Fast, frugal and fruitful experiments using the 5x5x5 design
When it comes to designing and implementing so-called fast, frugal and ultimately fruitful experiments, the same Michael Schrage explains in Serious Play (1999), that blue sky/ anything goes experiments are not the answer. Instead, friendly rivalry between teams, sharp deadlines and experimenting in a way that commands strategic attention and respect, are healthy substitutes. To this end, he points to the 5x5x5 model in which a minimum of 5 teams of 5 people are given no more than 5 days to come up with a portfolio of 5 business experiments that should take no longer than 5 weeks to run and cost no more than 5,000 EUR to conduct. Each experiment is attached to a business case, explaining how running that experiment gives insight into a possible 5 million EUR savings or 5 million EUR growth opportunity for the firm. In his article for the European Financial Review, Schrage exemplifies how this model might be used to create experiments in the financial services sector (debit and credit card swipe machines), or in the IT service sector (call centres).
Altering the blueprints: the most challenging experiment of all
Altering an organization’s “blueprint” (4) – or its internal process - is intuitively disruptive and destabilizing and likely the most difficult experiment organizations might ever undertake. After all, abruptly changing the way people are rewarded for their efforts or in the way they report to top management can have dramatic effects on their performance.
Source: Baron, Hannan, and Burton (2001)
In an analysis of high-technology start-ups in Silicon Valley, professors Baron, Hannan and Burton found that changes in the employment models or blueprints embraced by organizational leaders increase turnover, but adversely affect organizational performance. The magnitude of the effect of change depends on the “destination” – or which new blueprint (employment model) they want to migrate to. For example, the movement to bureaucracy from either the engineering model or an aberrant blueprint produces significantly less turnover than the abandonment of another basic model (especially the star type) for bureaucracy. Knowing his, innovation managers can design smooth transitions without risking a high attrition rate.

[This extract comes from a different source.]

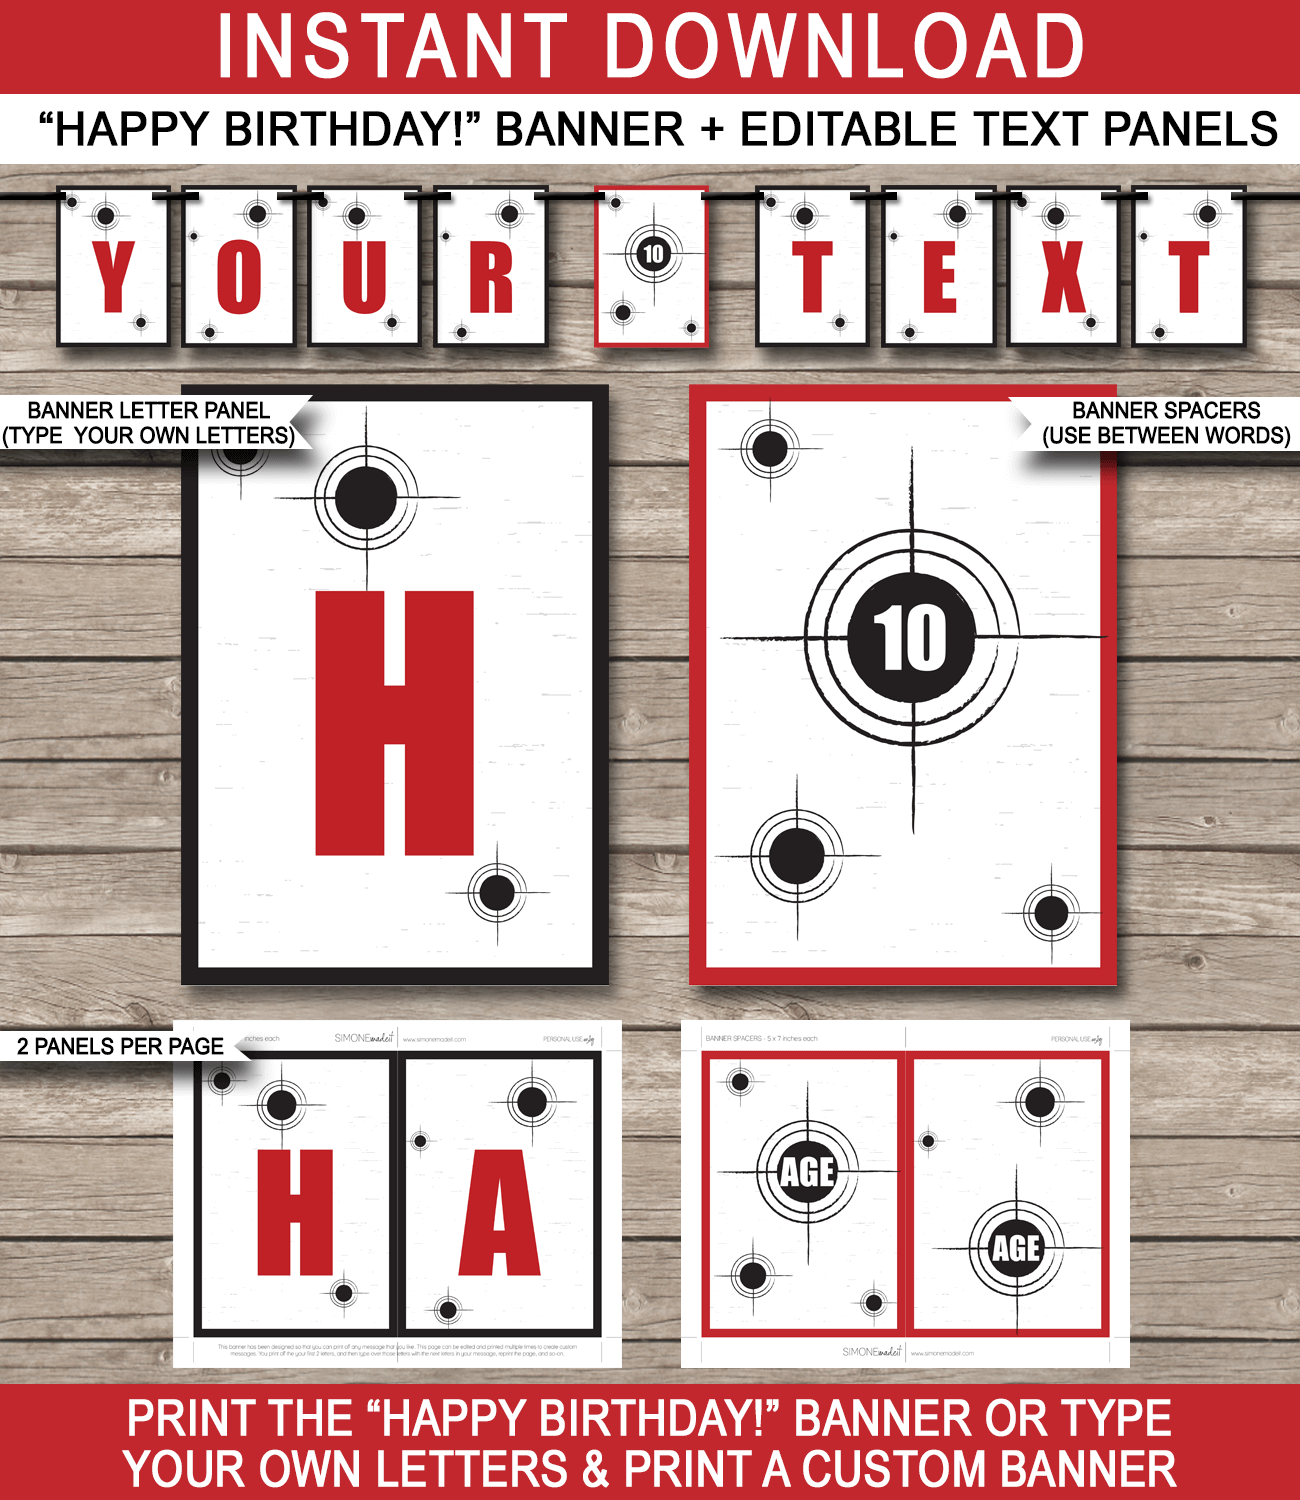 Laser Tag Party Banner Template - Laser Tag Bunting - Happy Birthday Banner - Birthday Party - Red and Black - Editable and Printable DIY Template - INSTANT DOWNLOAD $4.50 via simonemadeit.com

Summing up, whether a routine practice or a periodic “check”, experimentation is part of a healthy innovation mentality and should be pursued accordingly. As more organizations experiment with change, the better they will be quipped to brace whatever the future brings them.
(1) Judging probabilities of future events based on how easy those events are to retrieve from memory
(2) Reacting to a particular choice in different ways depending on whether it is presented as a loss or as a gain – e.g., a new product development could be framed as a chance to change the world, or as a change to embarrass the entire organization
(3) Assuming that because people are good at doing A they will be good at doing B, C and D
(4) For example, the star model refers to attachment based on challenging work, reliance on autonomy and professional control, and selecting elite personnel based on long-term potential, while the bureaucracy model involves attachment based on challenging work and/or opportunities for development, selecting individuals based on their qualifications for a particular role, and formalized control.